Howard continued to be the “autism whisperer”—often able to help Carly down from her
explosive compulsive episodes faster than anyone else. And though Carly was making
great strides in typing
more independently, she was still more capable if Howard was in the vicinity.
One afternoon as the two of them moved from English to philosophy class, Howard stopped
briefly to talk to one of Carly’s teachers in the hall. In the rush of students, he
didn’t notice that Carly had wandered away. Looking around as the crowd thinned, Howard
was filled with a wave of panic. Running down the hall, he burst through the doors
of the stairwell to find Carly standing with two classmates, tapping out a conversation
on her iPad.
“Carly! Don’t wander off like that again,” he said, exhaling in relief.
But when Howard called me at work later that afternoon to tell me what had happened,
I heard pride rather than remorse in his voice.
So i have big no huge no massive news. Today I participated in a class play reading.

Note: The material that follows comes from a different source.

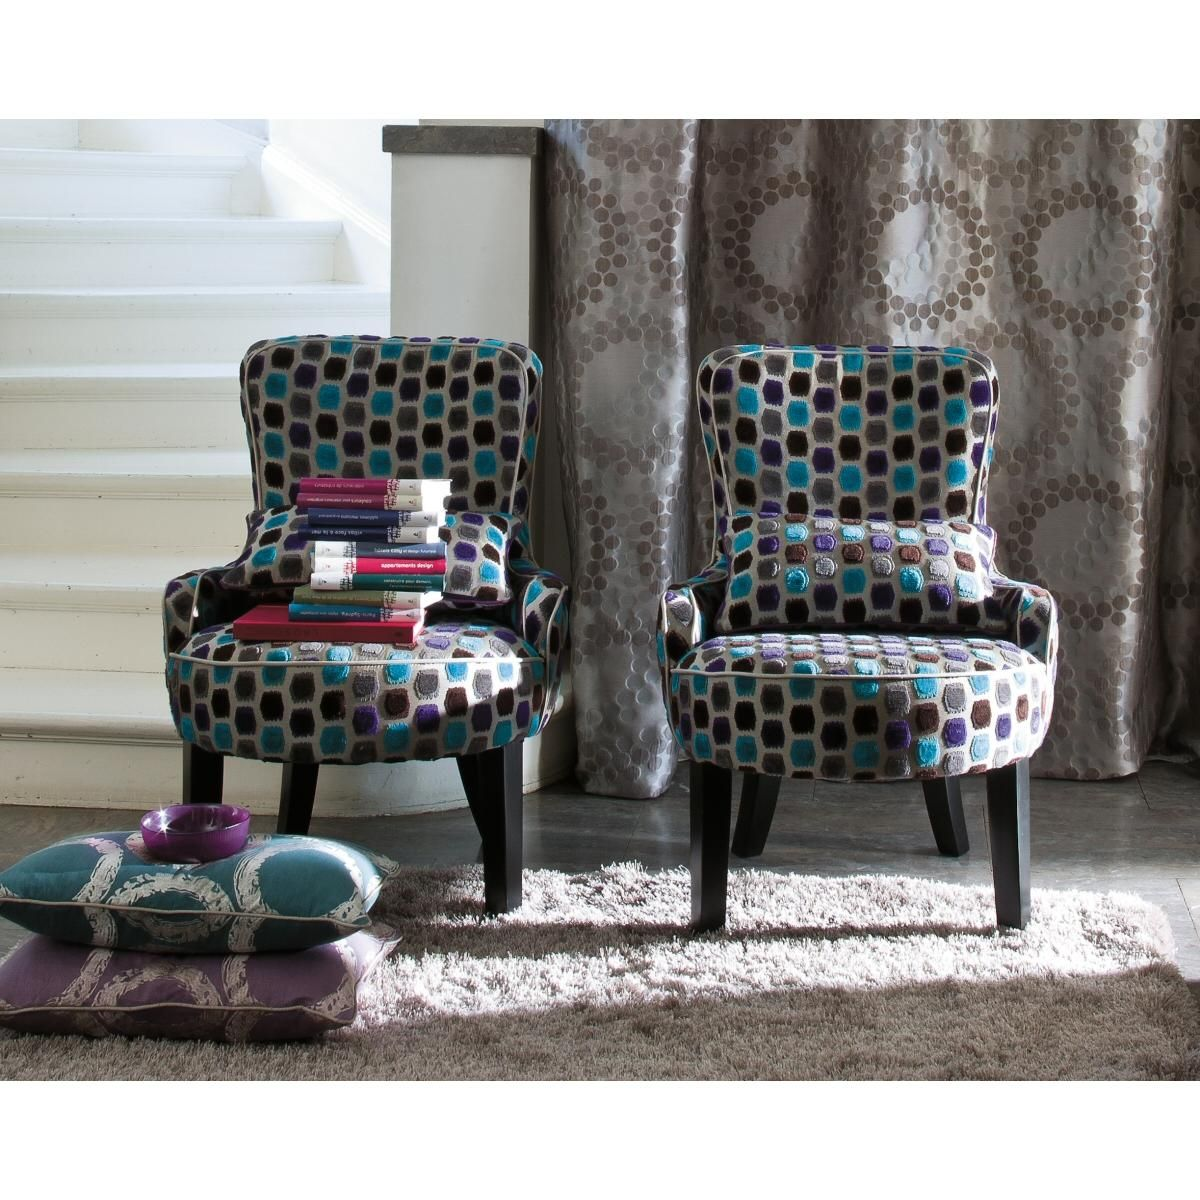 Orion de casamance | Upholstery

The play was call One Of Them and i was girl number 2. It was so cool howie programed
my ipad with my lines & I was able to deliver them. It was so much fun being able
to do what my class were doing. They all clapped and came up to me to tell me i was
great. I love my ipad and thanks to it I’m participate in class in a whole new way.

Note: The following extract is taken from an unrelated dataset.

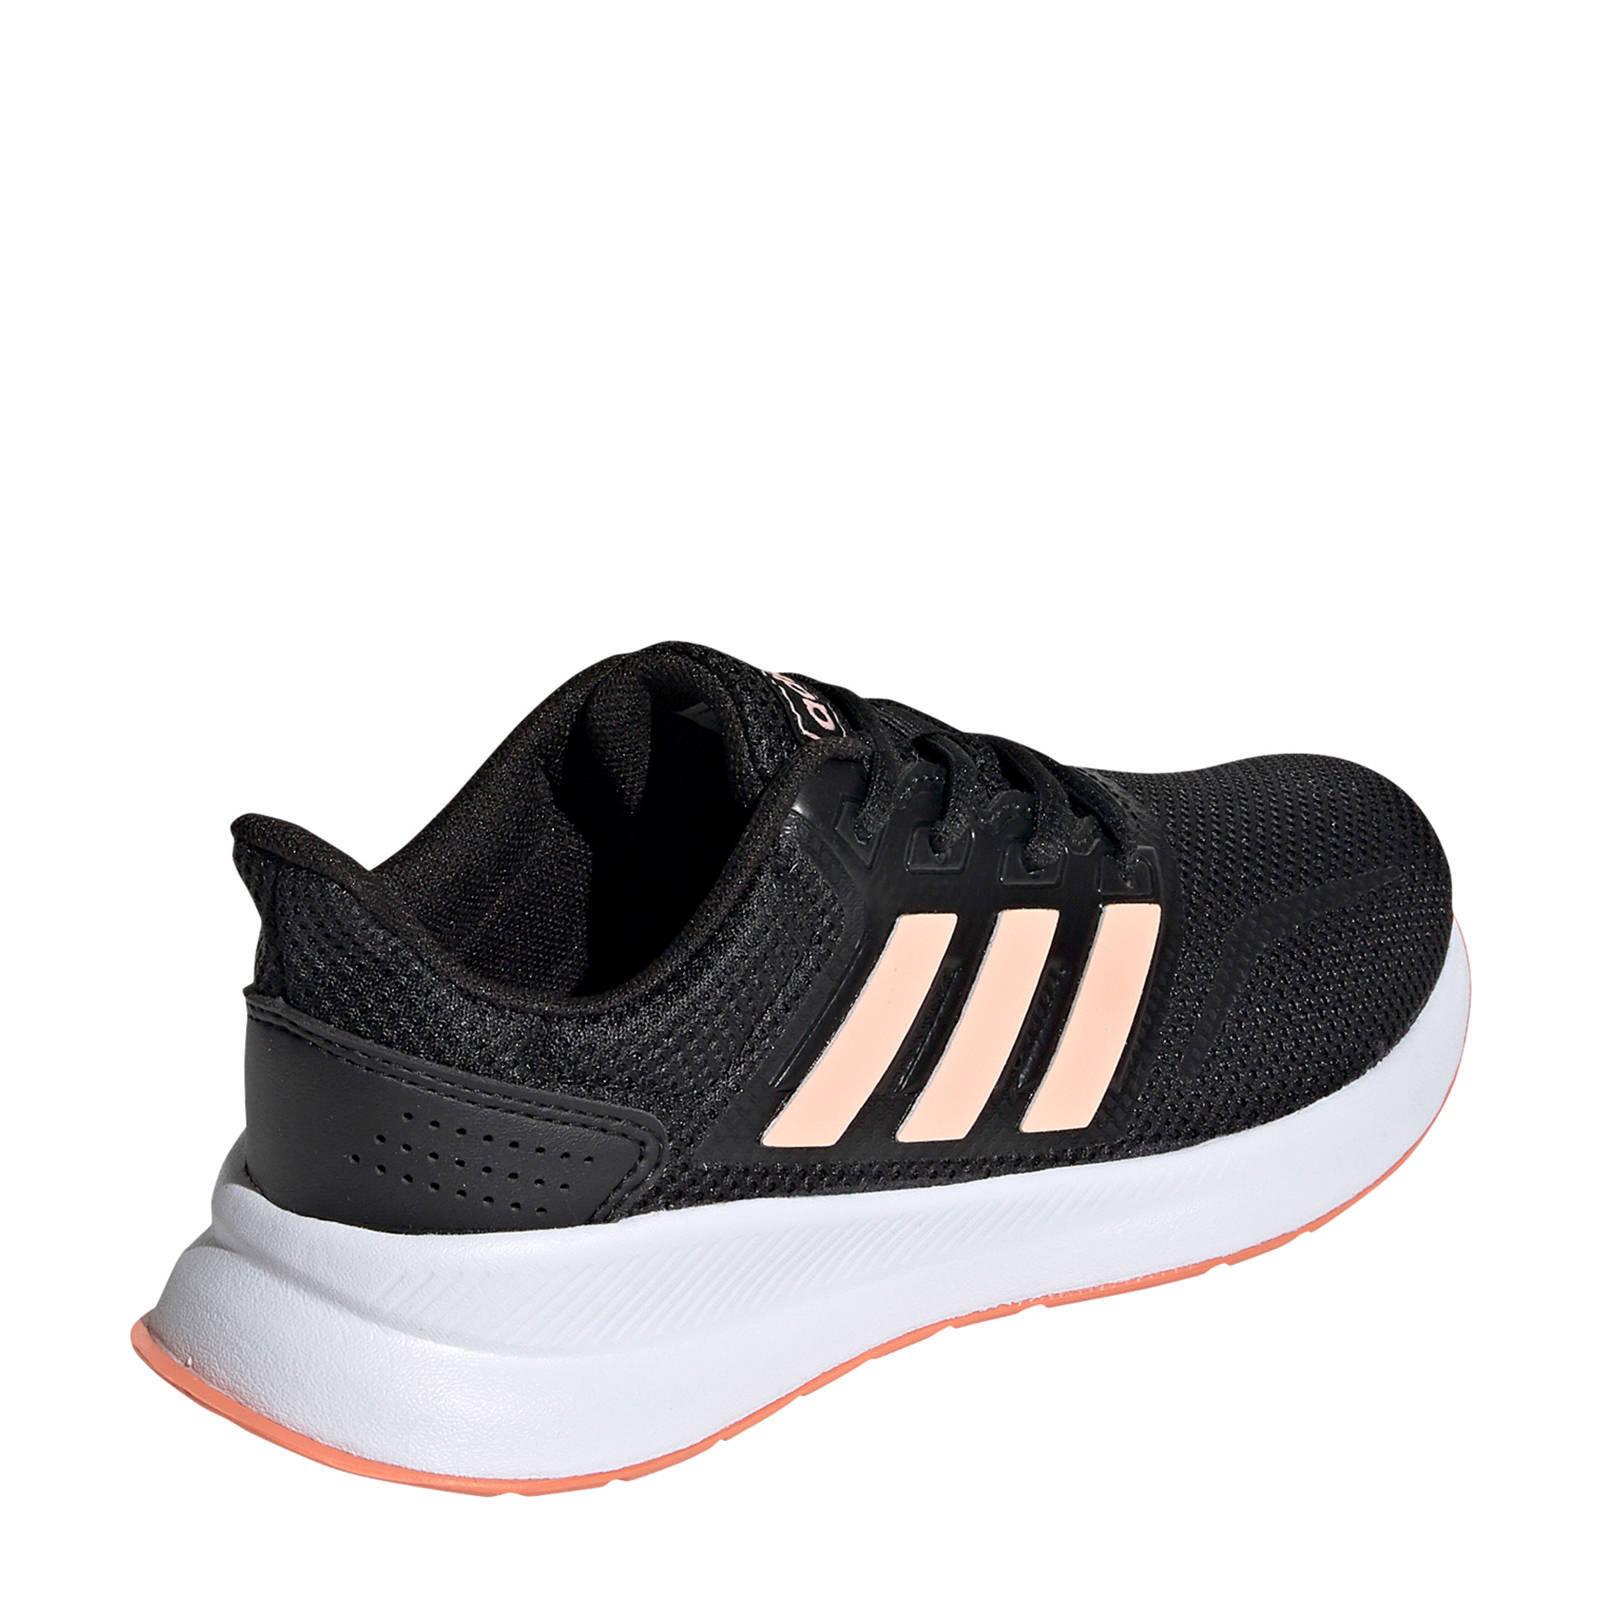 adidas Performance Runfalcon hardloopschoenen zwartroze

—Facebook posting, April 2010
It has always been Carly’s vision of what
could be
, her drive, that kept us all moving forward. “When I first met Carly, she was about
two years old,” Barb once told a reporter writing an article on Carly’s communication
breakthrough, “She was very active and had a really short attention span. I would
see her at her preschool and I remember for circle time they would sit her on top
of a cube chair so she wouldn’t take off. My goal with her then was to create the
best communication system possible, and that included speech. Even then
everyone at school had the sense that she had a spark. There was more going on inside.”
It was this spark that could bring Tammy and me back from the edge so many times.
Carly had the devastating ability to bring us to our darkest places—deep caverns of
hopelessness, exhaustion, and sadness. But her determination, good humor, and considerate
nature lifted us back up.
On the occasion of Tammy’s fiftieth birthday, Carly asked Howard to take her shopping
for a special gift. They stopped to get a card first and at the store she spied a
paperweight—a snow globe with Cinderella’s glass slipper on a pink cushion inside.
On the base was the aphorism “Even miracles take a little time.” Carly wrote Tammy
a note saying that she thought the quote aptly described both mother and daughter.
The gift sits on the bookshelf in Tammy’s home office, and I stop to look at it every
time I go in. Never before has a tchotchke had such meaning.
By nature I am an optimist and try to feel some measure of gratitude in whatever is
dealt. So while my heart will always break at Carly’s suffering—the shackles of OCD
and the tangles of autism—I remain hopeful that her life will bring her happiness
and a sense of meaning. In the autism community, we are among the fortunate ones.
Through years of hard work, constant intervention by some remarkable individuals,
and perhaps luck, Carly has found her voice and with it has come accomplishments that
others afflicted with ASD will not achieve. We have been given the opportunity to
understand our child, where so many others have not.